Hey, I'm pretty new to Dming and i have a slight dilemma. Our friend group has always had it so druids get pets/familiars. idk we all just wanted that. Now one of my players wants a stunted copper dragon wyrmling as hers. How do i make that balanced? Health wise, we always just do that your pet's health is half of yours, rounded down. But that thing is still too much.
Too much as in, the breath weapons are overpowered for 2nd level. Normally people in our group choose like a wolf or something that really only has one attack and does't do too much damage. Im Just not sure how to make her happy without making everyone else feel like i favored her or something.
Not sure you can. Having a dragon as a pet seems to defeat the idea of having a pet or familiar (which are normally regular animals) and seems to be a stretching of the rules without knowing how it was justified (did someone else have a different mythical creature?).
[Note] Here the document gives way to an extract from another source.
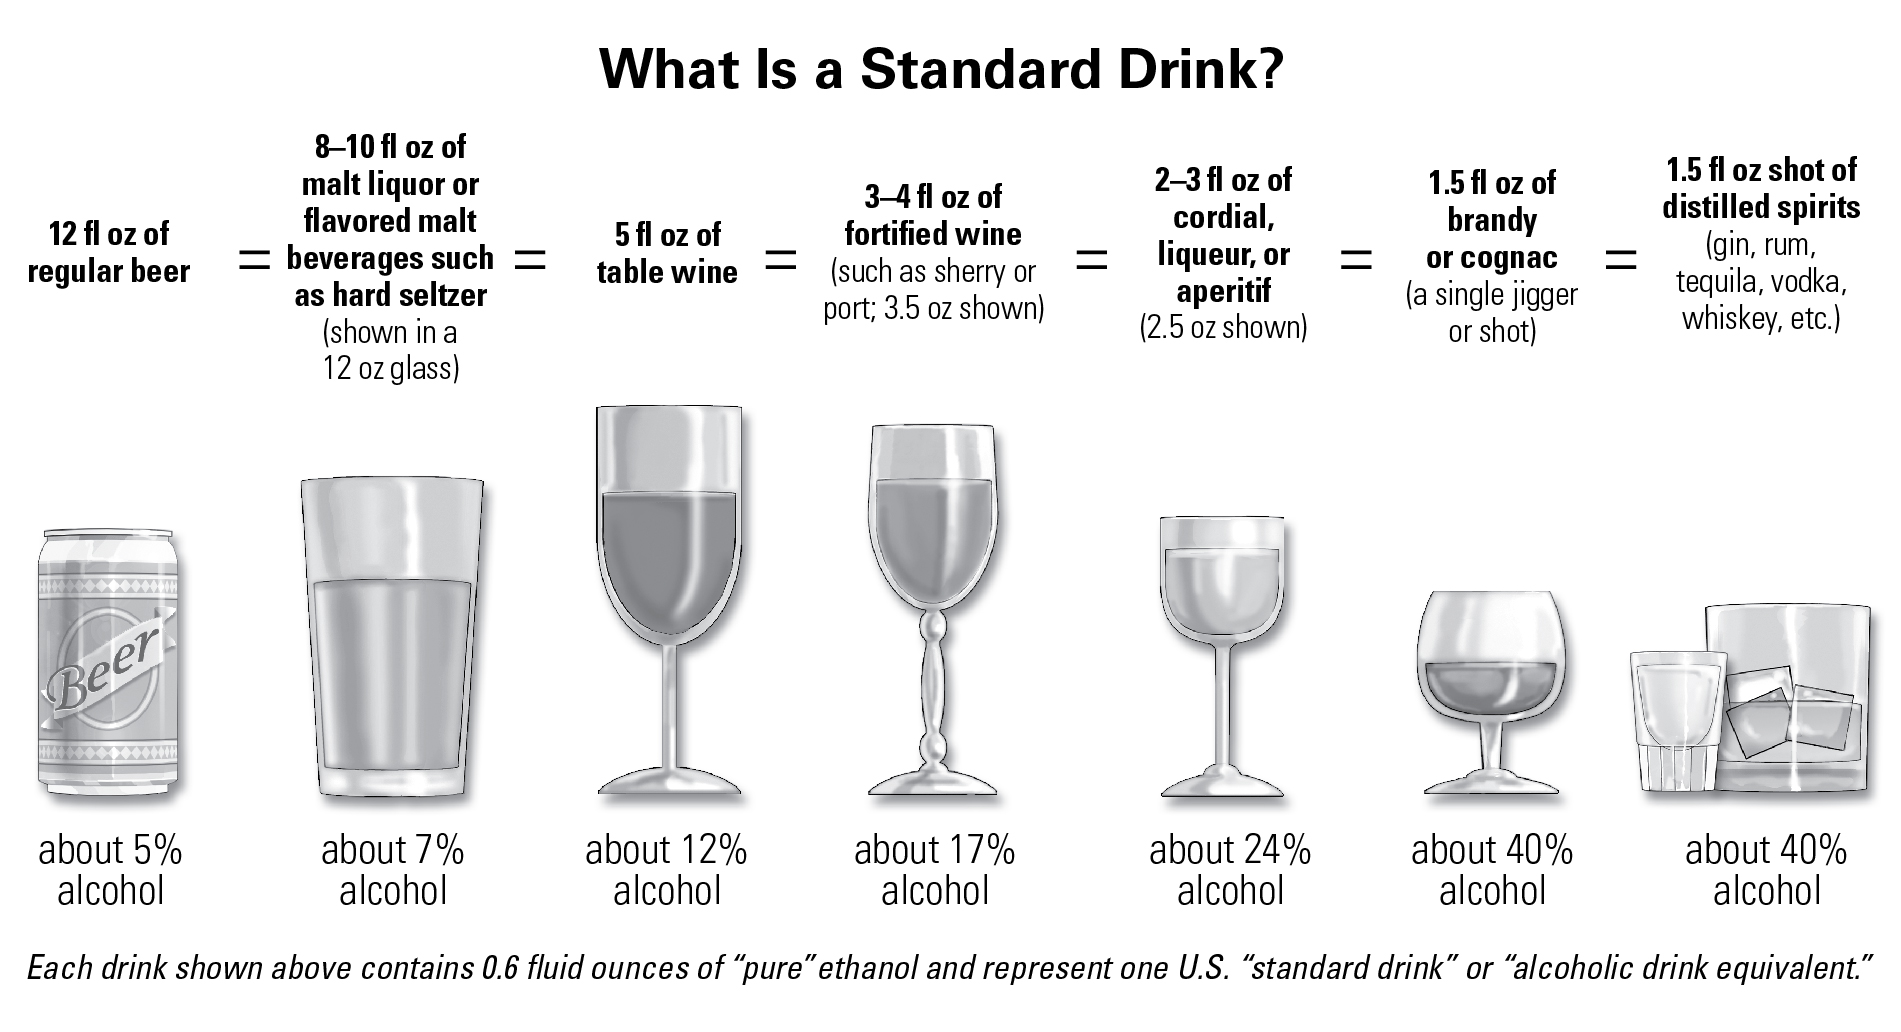 The percent of pure alcohol shown here as alcohol by vovumn, varies by beverage.

Druids, using the Wild Companion feature, usually do have a pet/familiar. it is limited, within the rules, tot he creatures available through the find familiar spell. So bat, cat, crab, frog (toad), hawk, lizard, octopus, owl, poisonous snake, fish (quipper), rat, raven, sea horse, spider, or weasel. I have seen historic additions such as Wolf, Fox, Coyote, and the like, and in older campaigns when they were first introduced, faerie dragons, but I would never have allowed a true dragon of any sort to be a pet.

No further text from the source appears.